Reads has been written.
Writing ma_hit_ts to disk... 
ma_hit_ts has been written.
Writing ma_hit_ts to disk... 
ma_hit_ts has been written.
bin files have been written.
[M::purge_dups] homozygous read coverage threshold: 44
[M::purge_dups] purge duplication coverage threshold: 56
[M::ug_ext_gfa::] # tips::37
Writing raw unitig GFA to disk... 
Writing processed unitig GFA to disk... 
[M::adjust_utg_by_primary] primary contig coverage range: [37, infinity]
Writing DBA2J.hic.p_ctg.gfa to disk... 
[M::ha_opt_update_cov] updated max_n_chain to 225
[M::gen_trans_base_count_comp::939.770] ==> Qualification
[M::build_unitig_index::58.395] ==> Counting
[M::build_unitig_index::28.325] ==> Memory allocating
[M::build_unitig_index::81.649] ==> Filling pos
[M::build_unitig_index::0.268] ==> Sorting pos
[M::build_unitig_index::168.642] ==> HiC index has been built
[M::write_hc_pt_index] Index has been written.
[M::alignment_worker_pipeline::1472.315] ==> Qualification
[M::dedup_hits::15.710] ==> Dedup
[M::dedup_hits::7.796] ==> Dedup
[M::stat] # misjoined unitigs: 1 (N50: 693811); # corrected unitigs: 2 (N50: 527464)
[M::adjust_weight_kv_u_trans_advance::0.920] 
[M::mc_solve:: # edges: 2259920]
[M::mb_solve_core::2.778] ==> Partition
Command terminated by signal 11
        Command being timed: "hifiasm -o DBA2J -t 96 -l0 --h1 DTG-HIC-408_R1_001.fastq.gz,DTG-HIC-410_R1_001.fastq.gz --h2 DTG-HIC-408_R2_001.fastq.gz,DTG-HIC-410_R2_001.fastq.gz TBG-4829_m84078_231116_130625_s1.hifi_reads.default.fastq.gz MouseStrainD2_TBG_4829_1.hifi_reads.fastq.gz"
AndreaGuarracino commented 6 months ago

To be able to work with Hi-C data, I have to revert to the version with commit 94a284b4309837417dd9951a5f72a13d513d826e.

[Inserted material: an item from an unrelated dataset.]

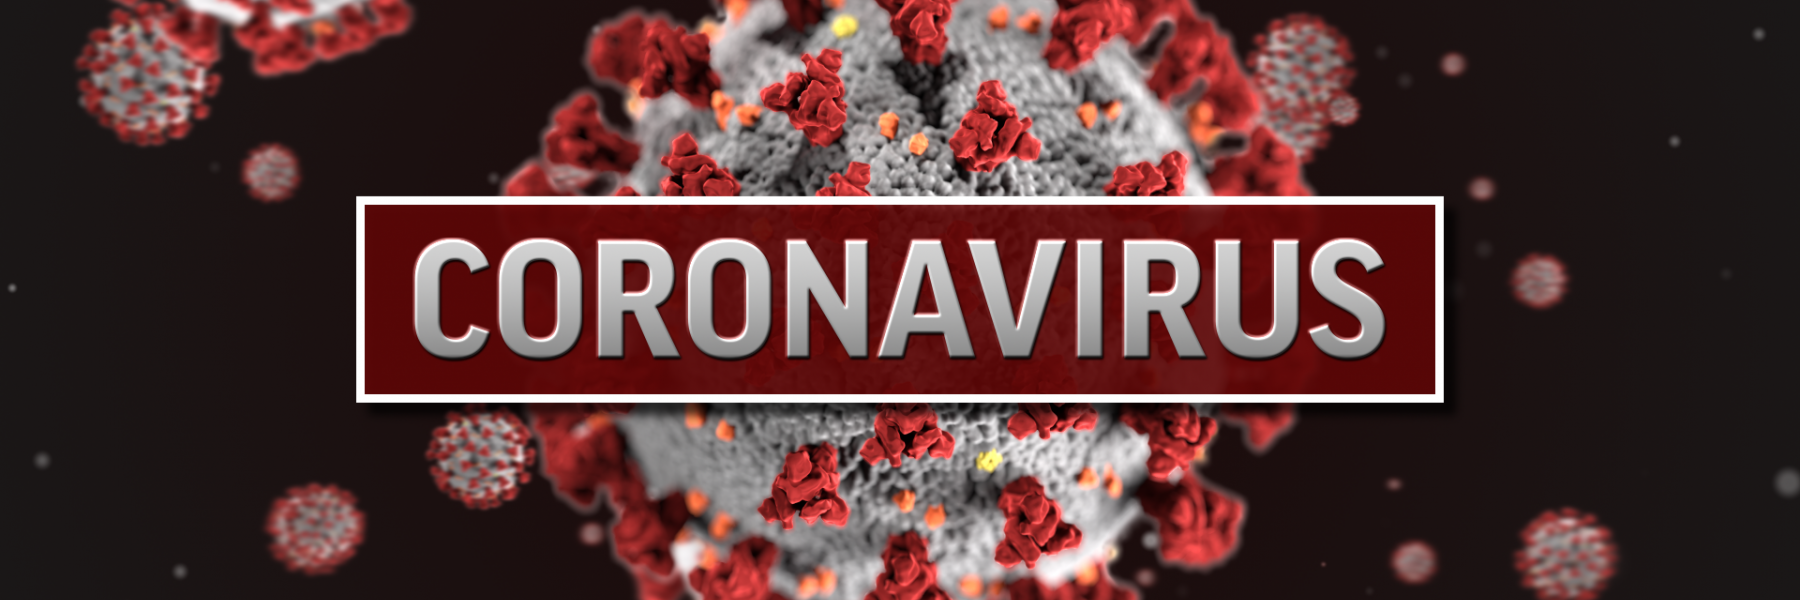 دراسات تؤكد فاعلية 5 منتجات للوقاية ولتخفيف أعراض فيروس كورونا المستجد

chhylp123 commented 5 months ago

Hi @AndreaGuarracino , is it possible that you can share the data with me? I could fix this issue as soon as possible. Sorry for the late reply.

AndreaGuarracino commented 5 months ago

@chhylp123, I will send you something soon!